I am currently following the MRT scheme but I am not getting when should I use definitely MRT over BGK as keeping computational cost in mind. Any input from your side is always appreciated.
Thank you
Up to this point, the issues that have been risen (against SRT, and hence for the necessity of using MRT) are: 1- Position of the wall in BB-type boundary conditions. As shown in many articles, the actual position of the BB wall is viscosity-dependent, therefore using MRT, or TRT, gives you the opportunity to fix the position of the wall regardless of the relaxation coefficient associated to viscosity (to do so one of the diagonal components of the relaxation matrix has to be set to a specific value, again given in many articles) [1-3]. 2- Stability at high Reynolds numbers; Linear stability analyses show that the blow-ups observed for the SRT method at high Re numbers are usually caused by the interaction between, kinetic, acoustic and shear modes. Therefore, relaxing each mode with a specific relaxation coefficient can help you damp out non-physical modes and therefore, stabilize your scheme -to a given extent [4-6].
Now if you're planning on doing a very well-resolved simulation, and your relaxation coefficient (related to viscosity) is not too far from 1, SRT would be fine. But if you are planning on doing under-resolved simulations, with high Re numbers and using BB boundaries, to have a stable code, MRT -or TRT, seem to be good choices. The list given here is of course non-exhaustive. For example, in the last reference you can see how the MRT scheme negatively impacts aero-acoustic simulations.
[1] Pan, Chongxun, Li-Shi Luo, and Cass T. Miller. "An evaluation of lattice Boltzmann schemes for porous medium flow simulation." Computers & fluids 35.8-9 (2006): 898-909.
[2] Ginzburg, Irina, Frederik Verhaeghe, and Dominique d’Humieres. "Two-relaxation-time lattice Boltzmann scheme: About parametrization, velocity, pressure and mixed boundary conditions." Communications in computational physics 3.2 (2008): 427-478.

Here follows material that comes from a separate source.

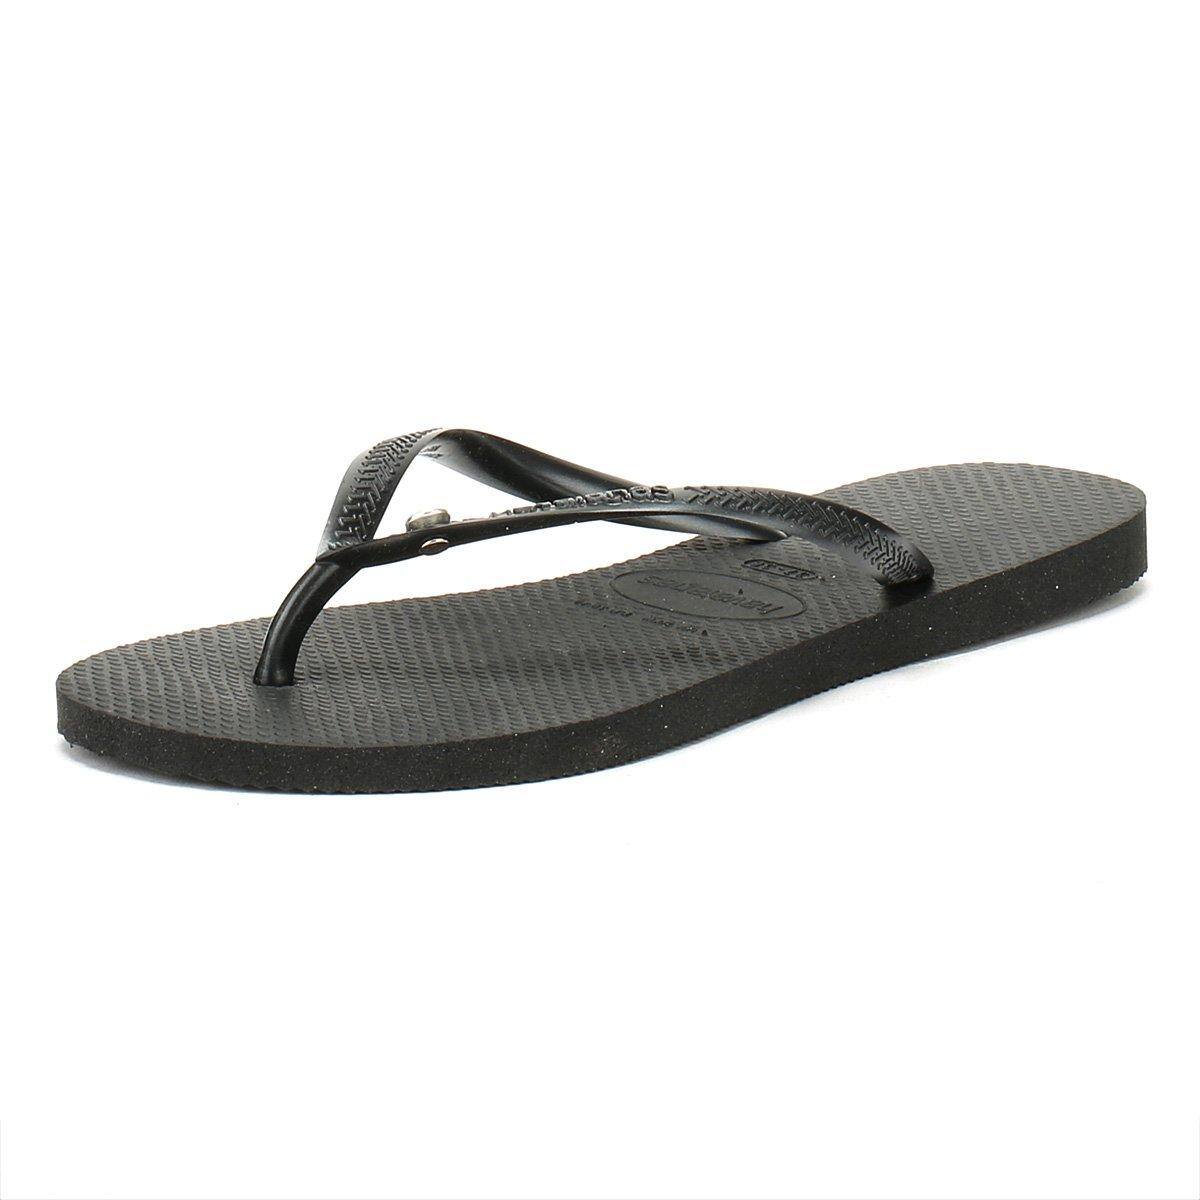 3be2cde15eb09 Havaianas Kids Slim Crystal Glamour Black - 33 34-uk1 2  Amazon.co.uk   Shoes   Bags

[3] d’Humières, Dominique, and Irina Ginzburg. "Viscosity independent numerical errors for Lattice Boltzmann models: from recurrence equations to “magic” collision numbers." Computers & Mathematics with Applications 58.5 (2009): 823-840.

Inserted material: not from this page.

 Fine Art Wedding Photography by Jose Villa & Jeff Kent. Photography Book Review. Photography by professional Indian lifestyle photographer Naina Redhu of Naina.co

[4] Lallemand, Pierre, and Li-Shi Luo. "Theory of the lattice Boltzmann method: Dispersion, dissipation, isotropy, Galilean invariance, and stability." Physical Review E 61.6 (2000): 6546.
[5] d'Humières, Dominique. "Multiple–relaxation–time lattice Boltzmann models in three dimensions." Philosophical Transactions of the Royal Society of London A: Mathematical, Physical and Engineering Sciences 360.1792 (2002): 437-451.
[6] Marié, Simon, Denis Ricot, and Pierre Sagaut. "Comparison between lattice Boltzmann method and Navier–Stokes high order schemes for computational aeroacoustics." Journal of Computational Physics 228.4 (2009): 1056-1070.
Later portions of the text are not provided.